- Tralee
- Coordinates: 35°25′S 149°10′E﻿ / ﻿35.417°S 149.167°E
- Population: 0 (SAL 2021)
- Established: 2012
- Postcode(s): 2620
- Elevation: 610 m (2,001 ft)
- Region: Southern Tablelands
Suburbs around Tralee:
| Macarthur | Hume | Jerrabomberra |
| Chisolm | Tralee | Environa |
| Gilmore | Royalla | Environa |

= Tralee, New South Wales =

Tralee is a suburb in the Queanbeyan–Palerang Regional Council local government area, abutting the border with the Australian Capital Territory and south west of the city of Queanbeyan, New South Wales. It is immediately south of Environa, the site of a city planned during the 1920s that was later sold off as undeveloped land. The suburb is named after Tralee in Ireland.
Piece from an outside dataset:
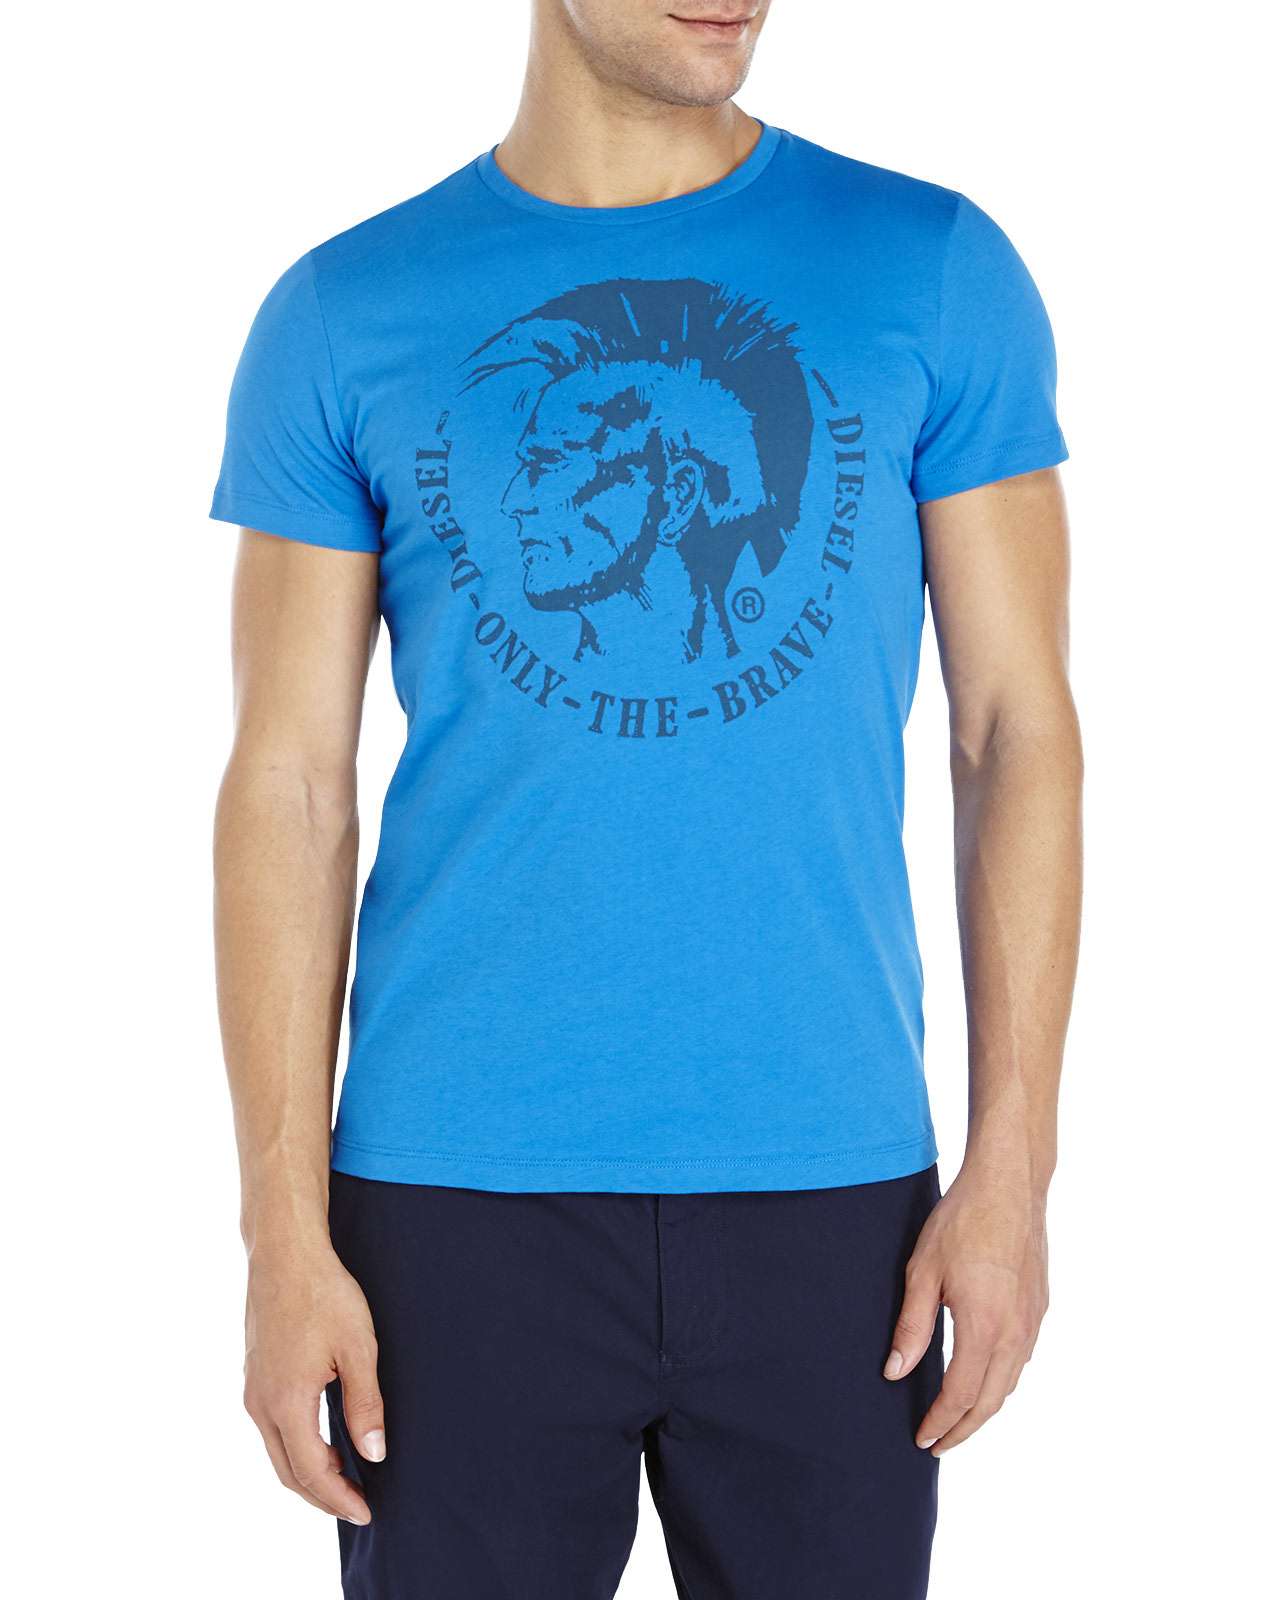 DIESEL Only The Brave Tee in Blue for Men - Lyst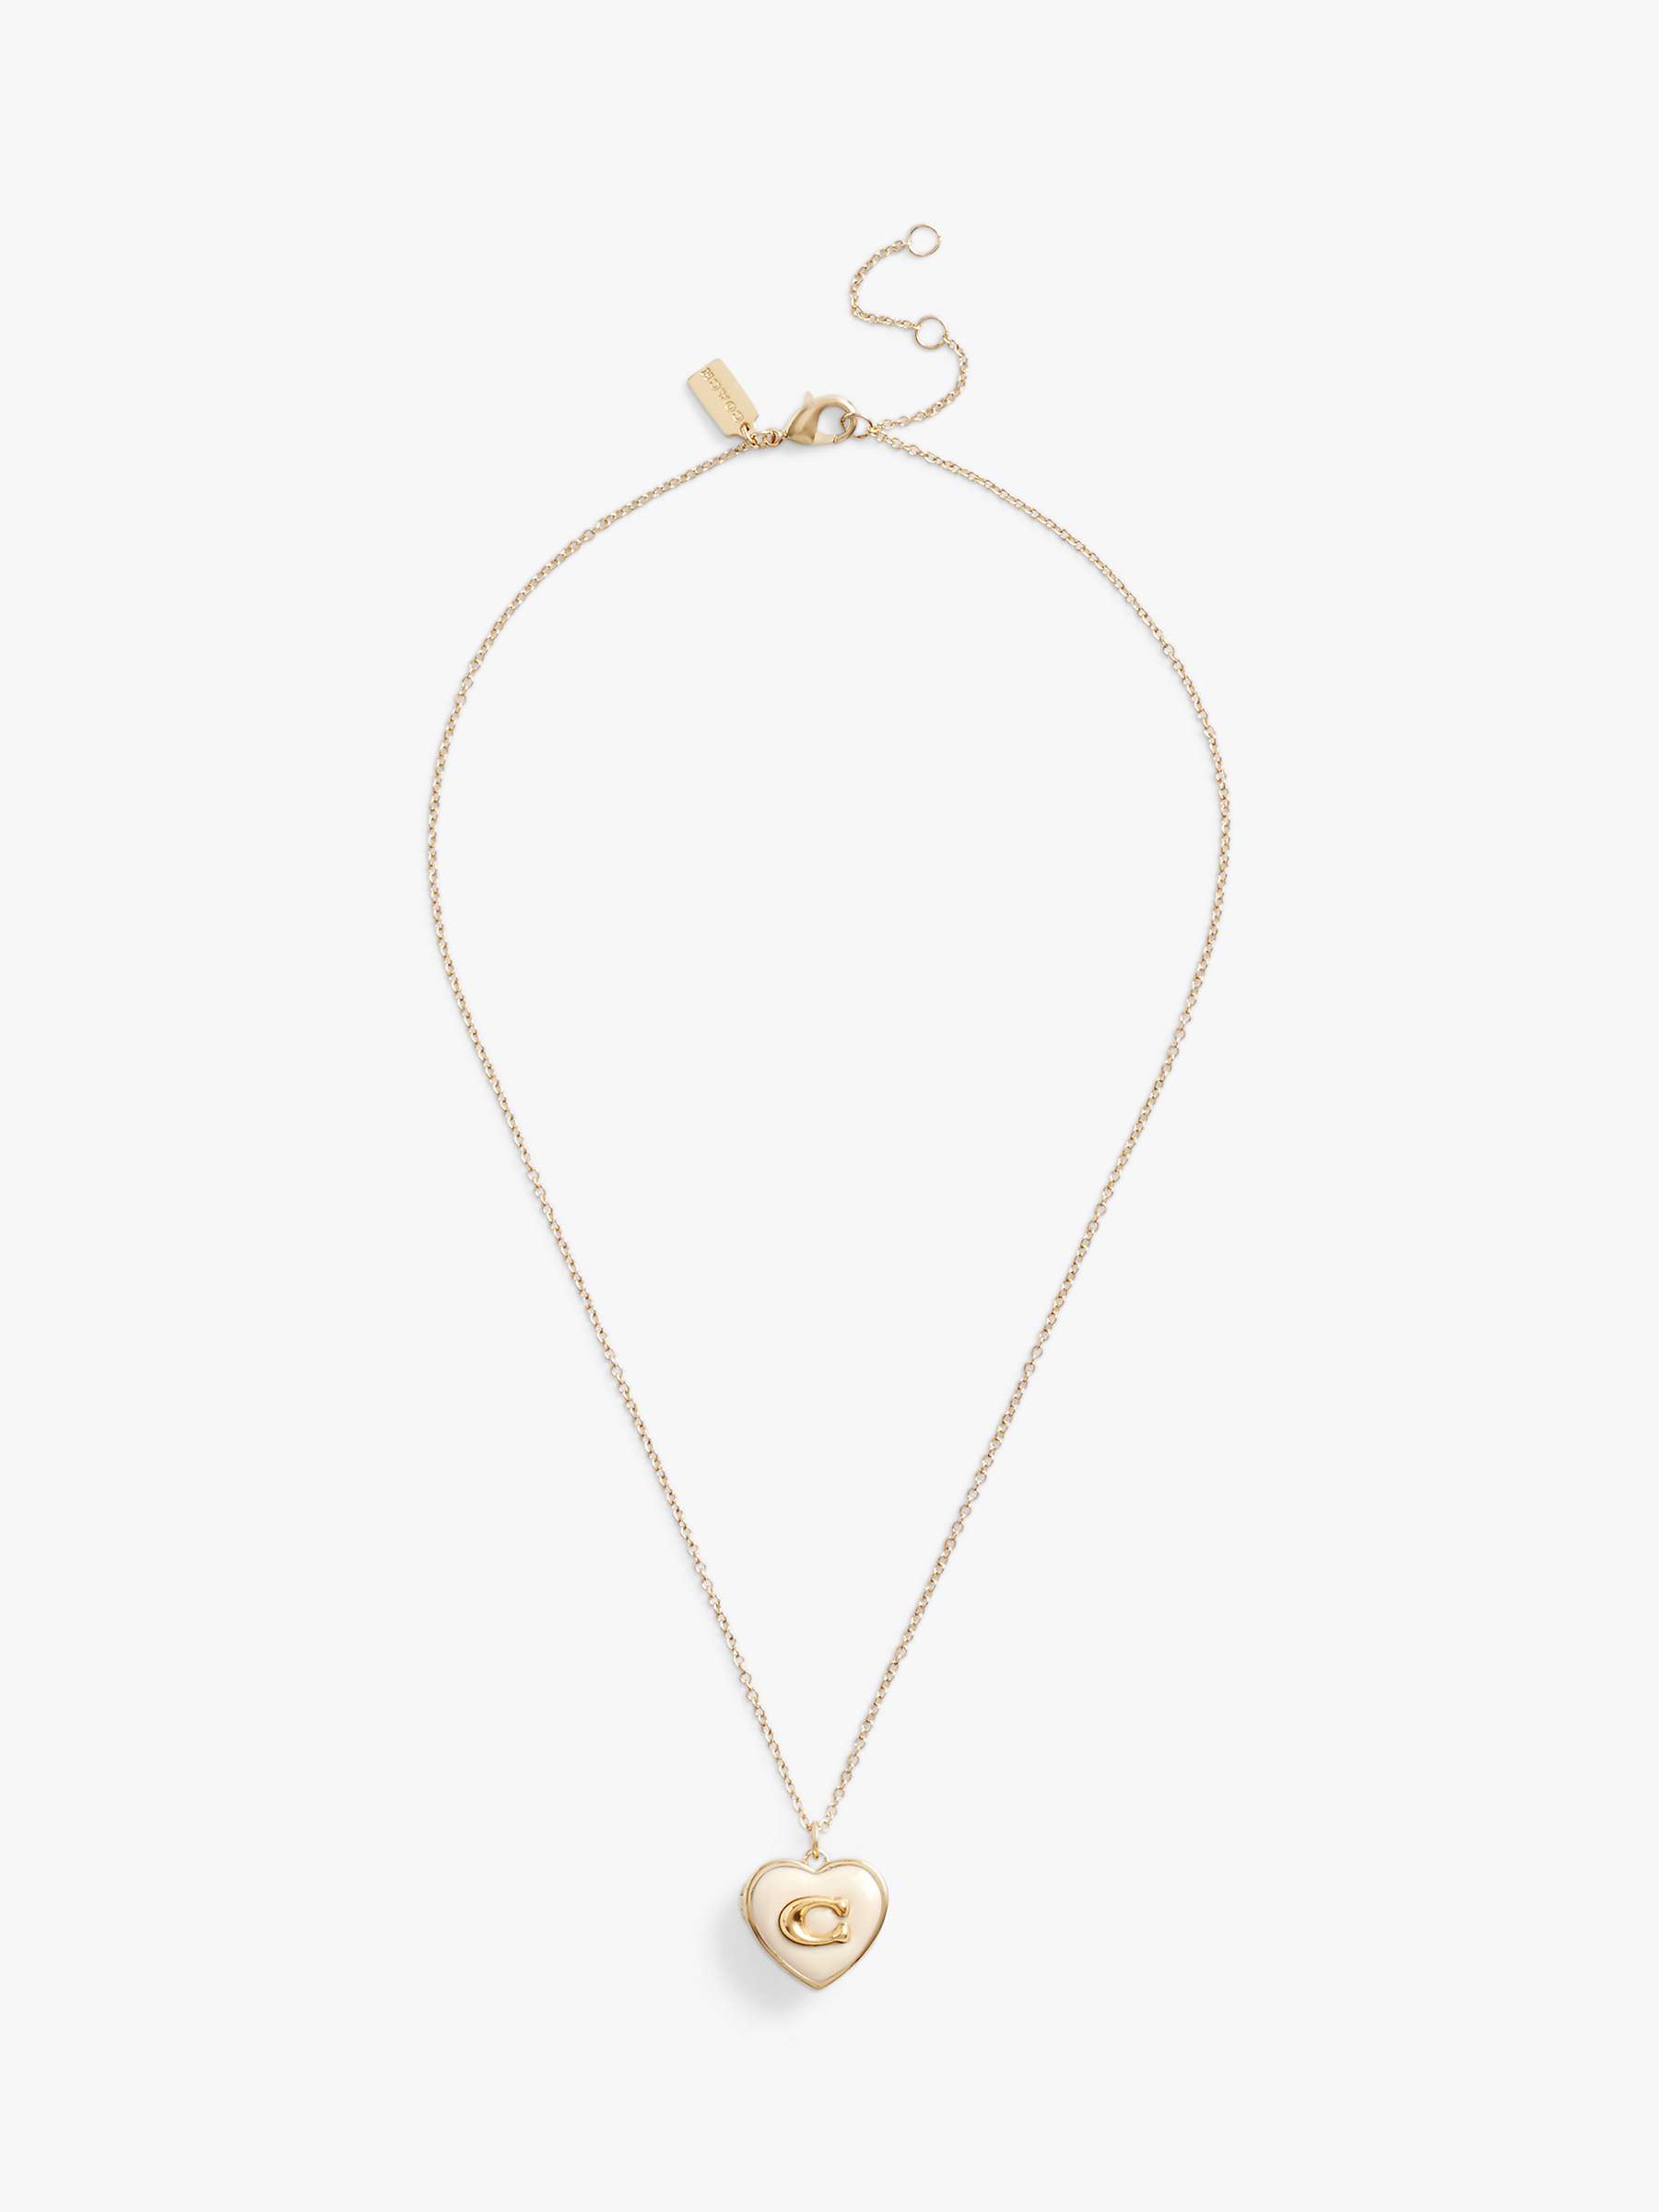 Buy Coach Enamel and Crystal Heart Locket Necklace Online at johnlewis.com

The residential site, which falls under the flight path of Canberra Airport was strongly opposed by airport authorities. However, despite the concerns, the New South Wales State Planning Minister Kristina Keneally initially approved Queanbeyan City Council's plan for the development of 5000 residential blocks in 2008. In November 2012 the New South Wales Government announced that it had approved the rezoning of the land. Protests have continued by the airport, federal Labor politicians and the ACT Government.

==Geography==
Tralee lies on the lower slopes of the Pemberton Hill to the south. It is 600–620 m above sea level. The rocks are acid volcanics, rhyodacite and rhyolite from the Deakin Volcanics. These rocks solidified 414±9 Mya.

==Tralee Speedway==
Between 1970 and 1997, Tralee Speedway was a motorsports venue that hosted a number of Australian Championships. The Speedway sat idle for many years until it was demolished to make way for a regional sports complex, opened when residential development began in the South Jerrabomberra district, including Tralee and surrounds.